The severity of these attacks puts weapons industry-backed rules at danger. In my 25 years as a weapons sales officer, most industry leaders acknowledged the necessity for legislation like those that followed the 1939 Supreme Court ruling U.S. v. Miller, which upheld the 1934 National Firearms Act. This rule severely restricted the sale of fully automatic weapons like “tommy guns” used by Al Capone’s gang, silencers, and sawed-off shotguns.

Miller highlighted the balance between personal liberty and public safety as a sound constitutional test for any gun regulations. This revelation led to crucial rules including the 1998 federal background-check system, or NICS. This law protected people while protecting reputable gun makers by making it harder for criminals to get guns. Until the late 2000s, most businesspeople I knew supported Miller standard-enabled laws that prevented “bad men” from buying firearms.

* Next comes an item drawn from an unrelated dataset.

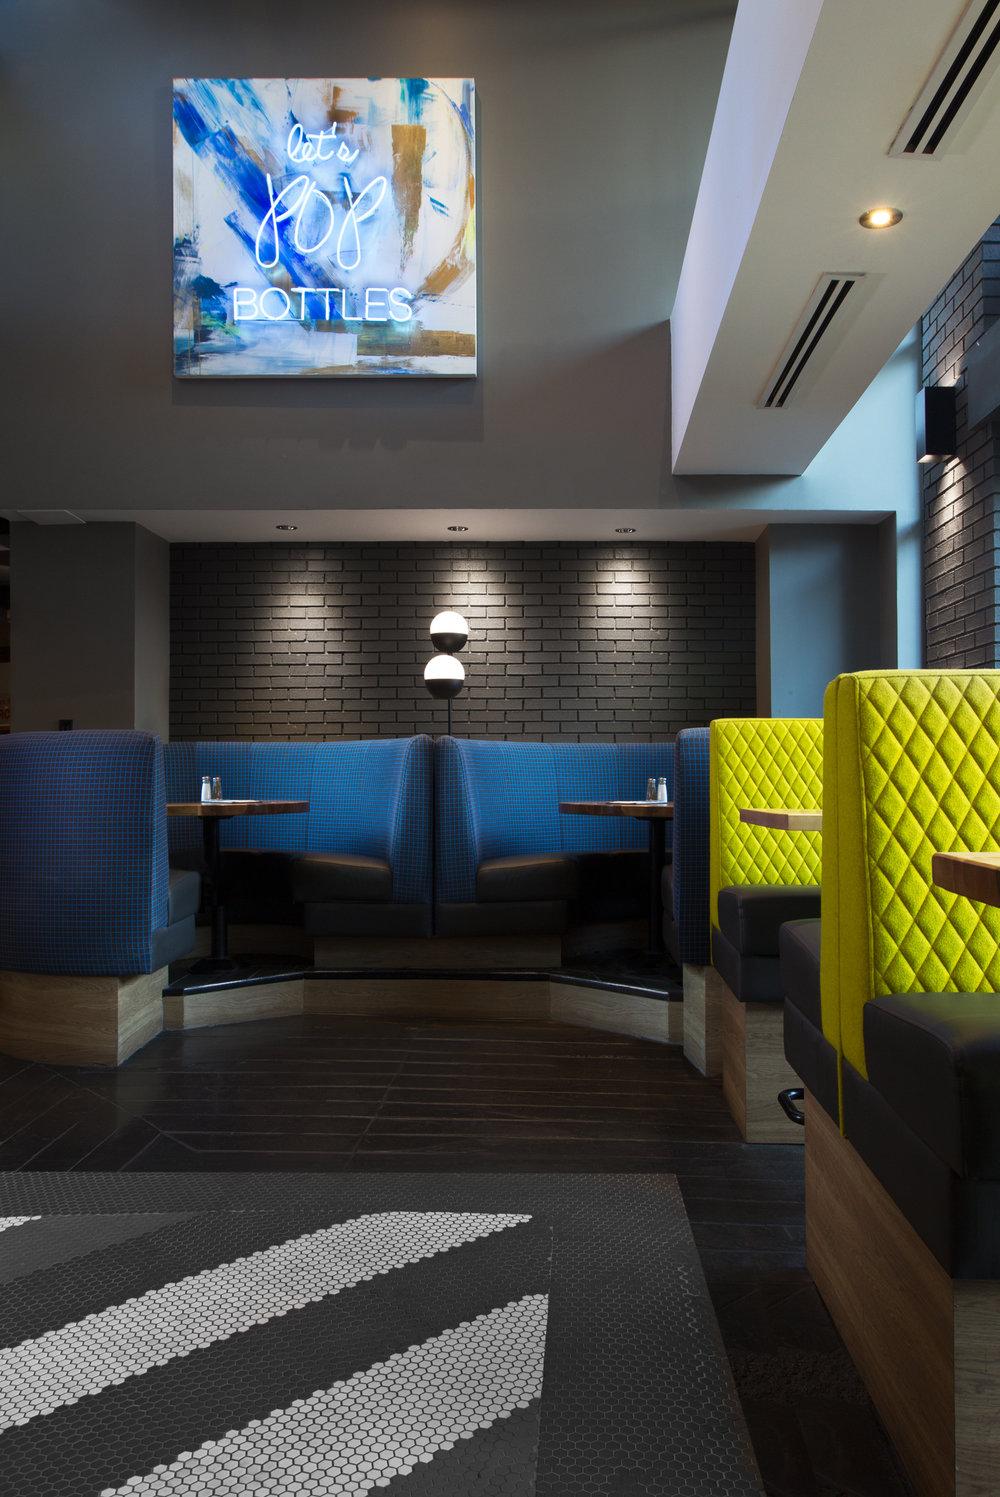 Moxie's Grill & Bar by Daniel Meloché Interior Design

Unfortunately, the industry also collaborated for three decades with the National Rifle Association, which was radicalizing a political base that was hell-bent on overturning those rules. With the 2008 D.C. v. Heller ruling by the Supreme Court, which read the Second Amendment to establish a greater individual right to own a gun for self-defense, this alliance achieved its first significant triumph.

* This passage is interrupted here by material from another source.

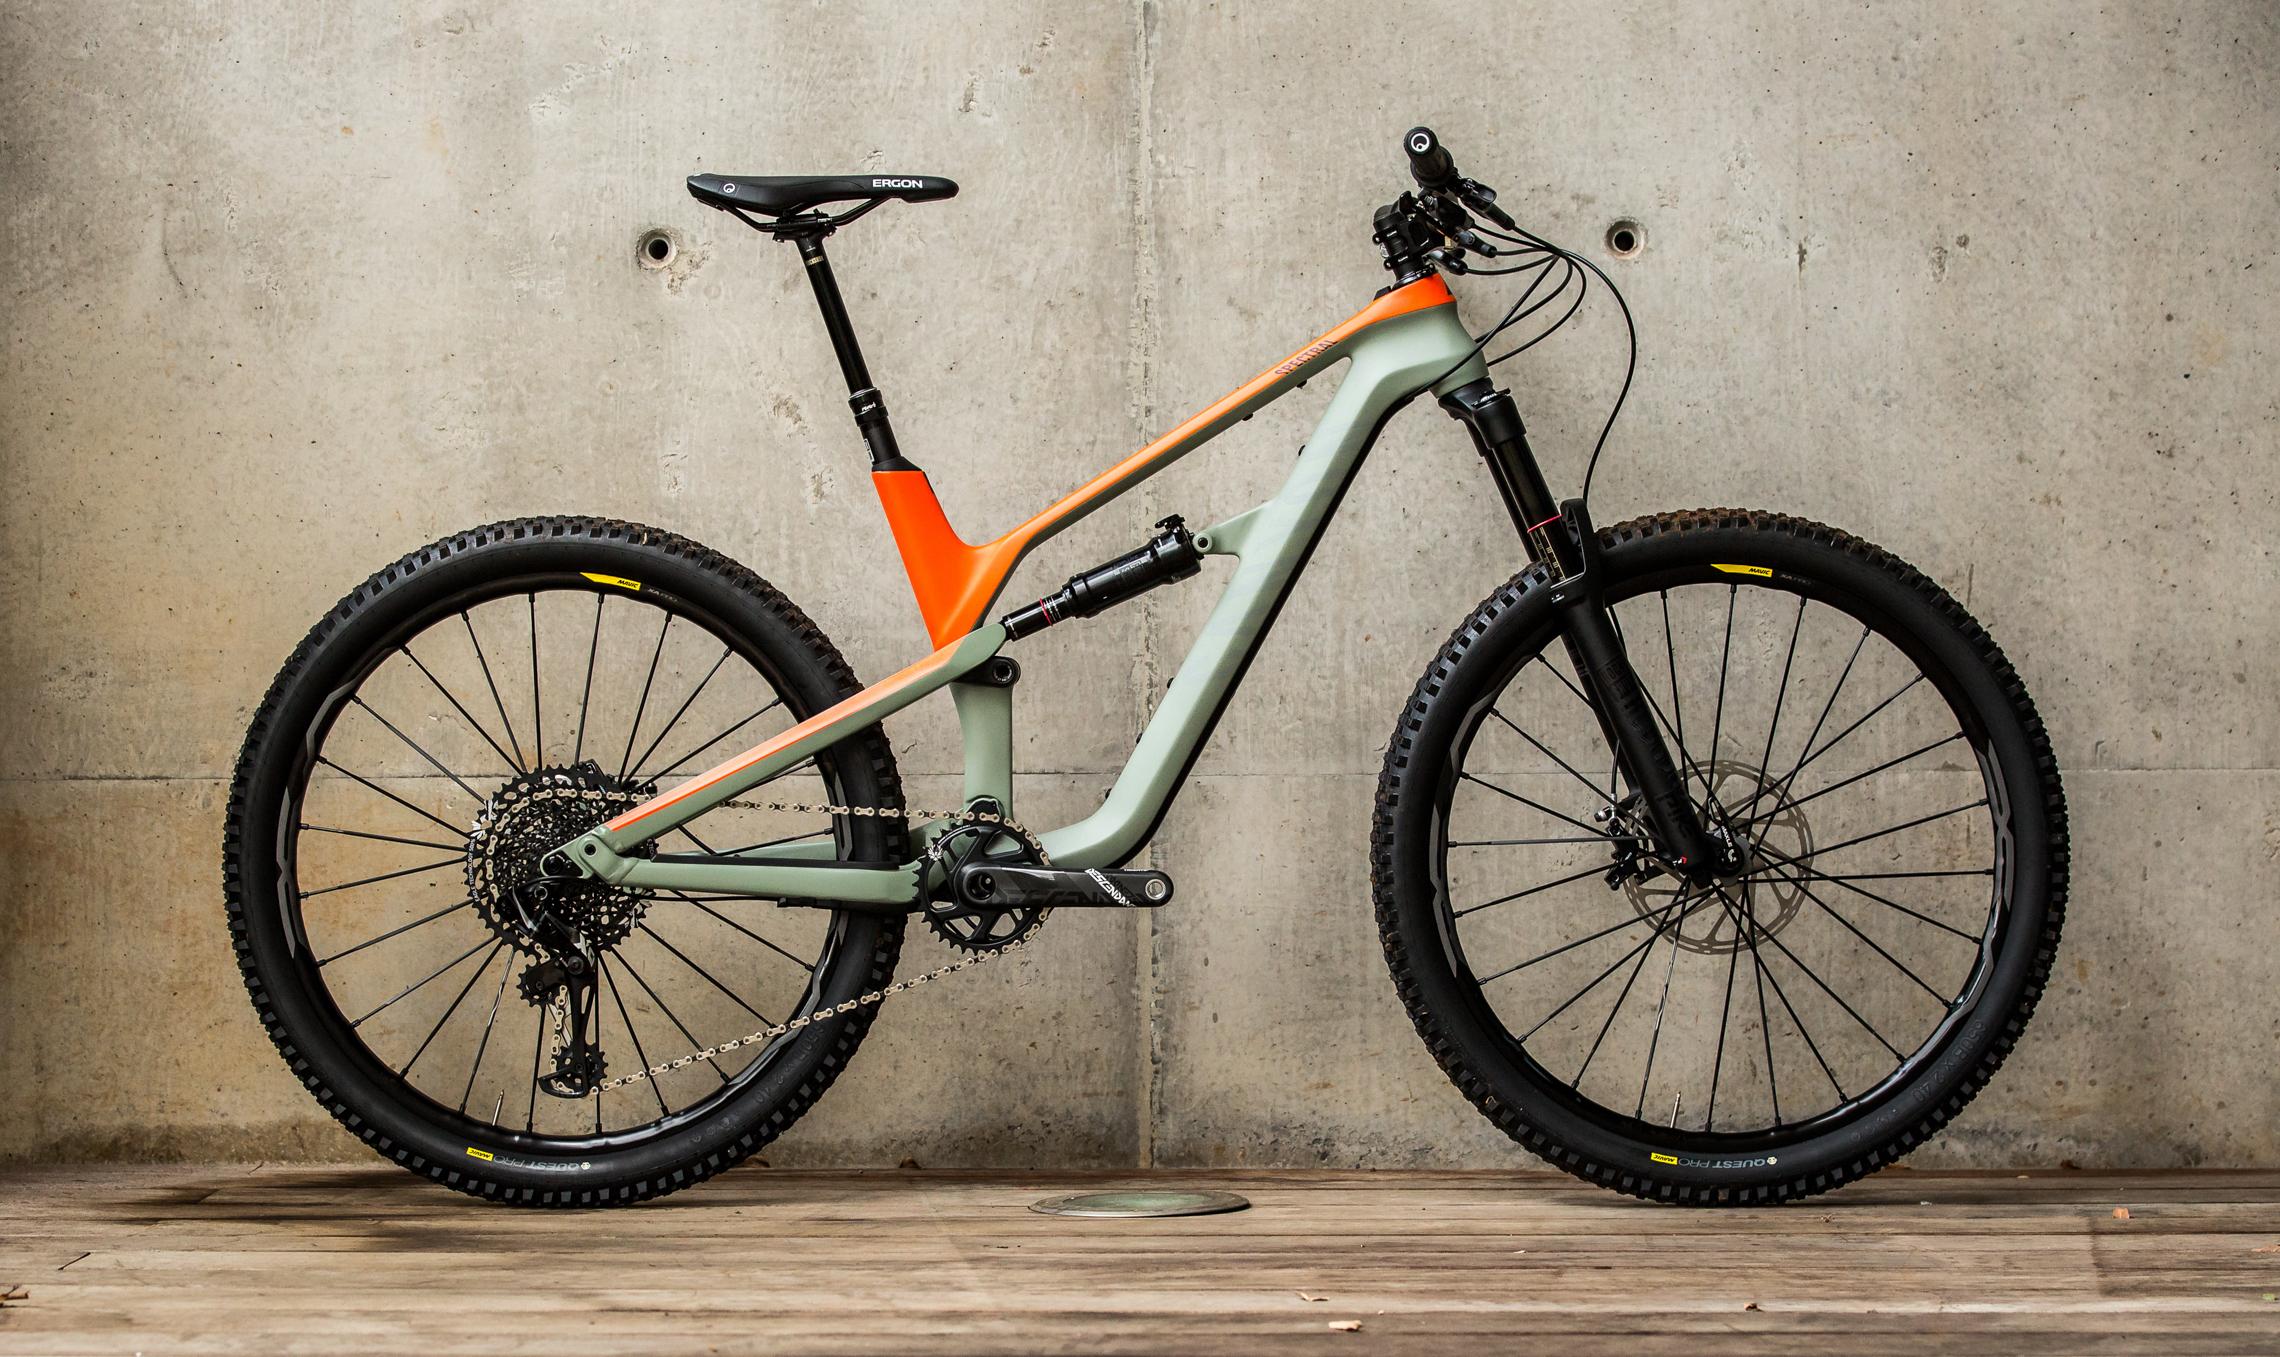 neues canyon spectral 2018 erster test des trailbike. Black Bedroom Furniture Sets. Home Design Ideas

Heller wasn’t the end. While the NRA assisted in galvanizing opposition to newly elected President Barack Obama, fringe figures and conspiracy theorists were given power to turn guns into a defining issue for the right. As the NRA’s influence increased, judges who aspired to higher office—even nomination to the Supreme Court—got the message and began making more extreme rulings on gun rights in order to maintain their names at the top of lists of potential nominees.

Brett Kavanaugh, then a federal judge on the D.C. Circuit, stated in a dissent that courts should no longer use constitutional standards for gun regulations that balanced public safety with Second Amendment rights—the cornerstone of the Supreme Court’s Miller decision—as an example of this tendency. After Trump’s announcement, NRA CEO Wayne LaPierre urged members to lobby senators to confirm Kavanaugh. The NRA and Federalist Society spent millions to endorse Neil Gorsuch and Amy Coney Barrett.

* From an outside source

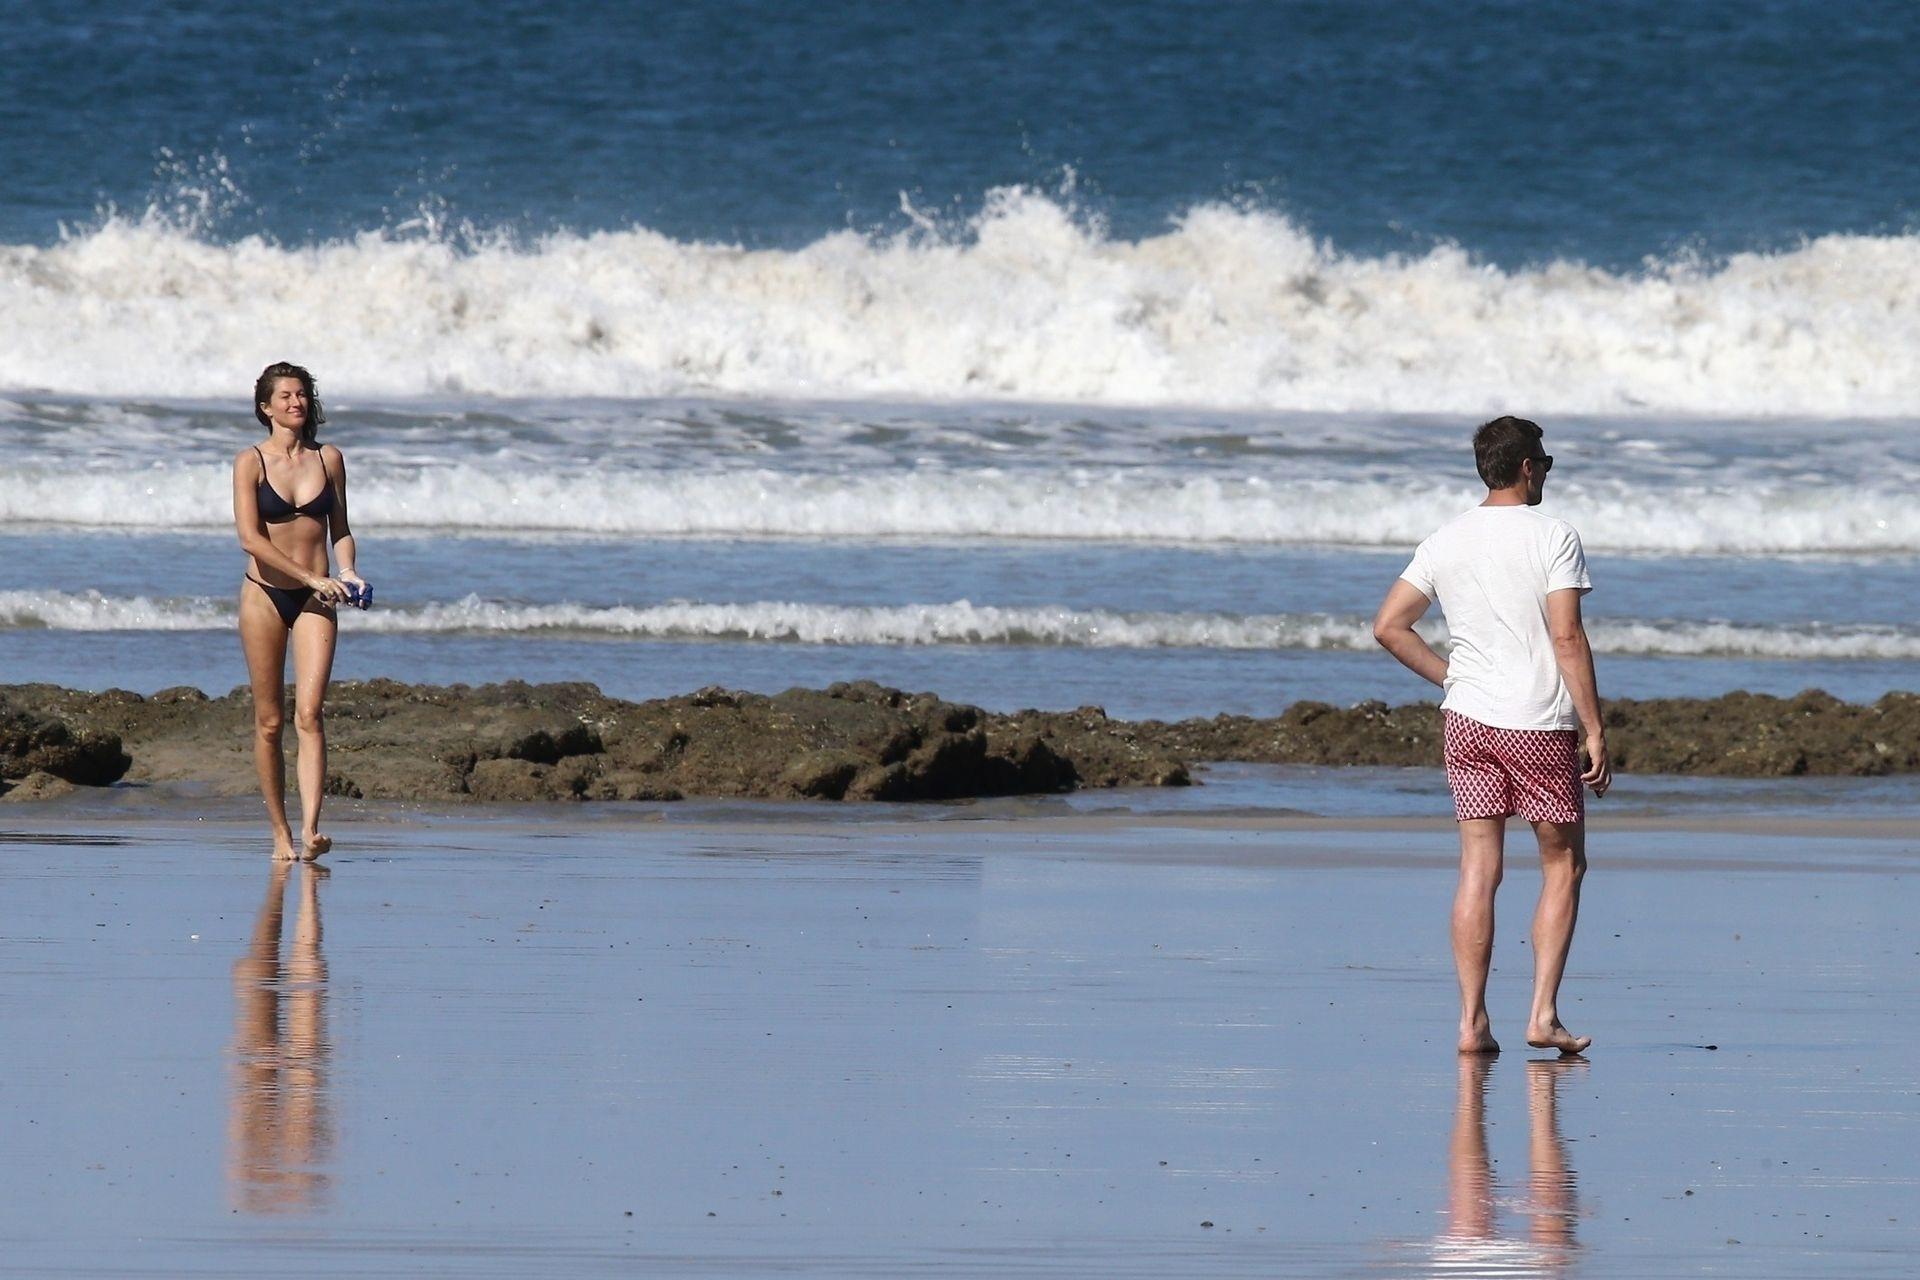 Tom Brady & Gisele Bundchen Pack On The Pda At The Beach 0014

The current Supreme Court majority prioritises gun owners’ rights over most others due to the NRA’s political operations. Lower courts are showing results. It’s uncertain how this conservative-dominated high court bench will decide on each Bruen-inspired challenge, but the cases presently moving through the circuits will push the justices to rapidly determine whether they were honest in their goal to overturn Miller’s balancing.

This is serious. The justices must decide if we should compel gun ownership in grocery stores, churches, and other spaces. They must decide whether to allow open carry in all 50 states, including the largest cities, with all the potential for chaos. They will have to decide whether to remove regulations banning domestic abusers from obtaining firearms and murdering their spouses or AR-15 bans for troubled youngsters. Given how serious everything is, the NRA may be right: the Second Amendment determines whether we can self-govern more than any other Constitutional provision.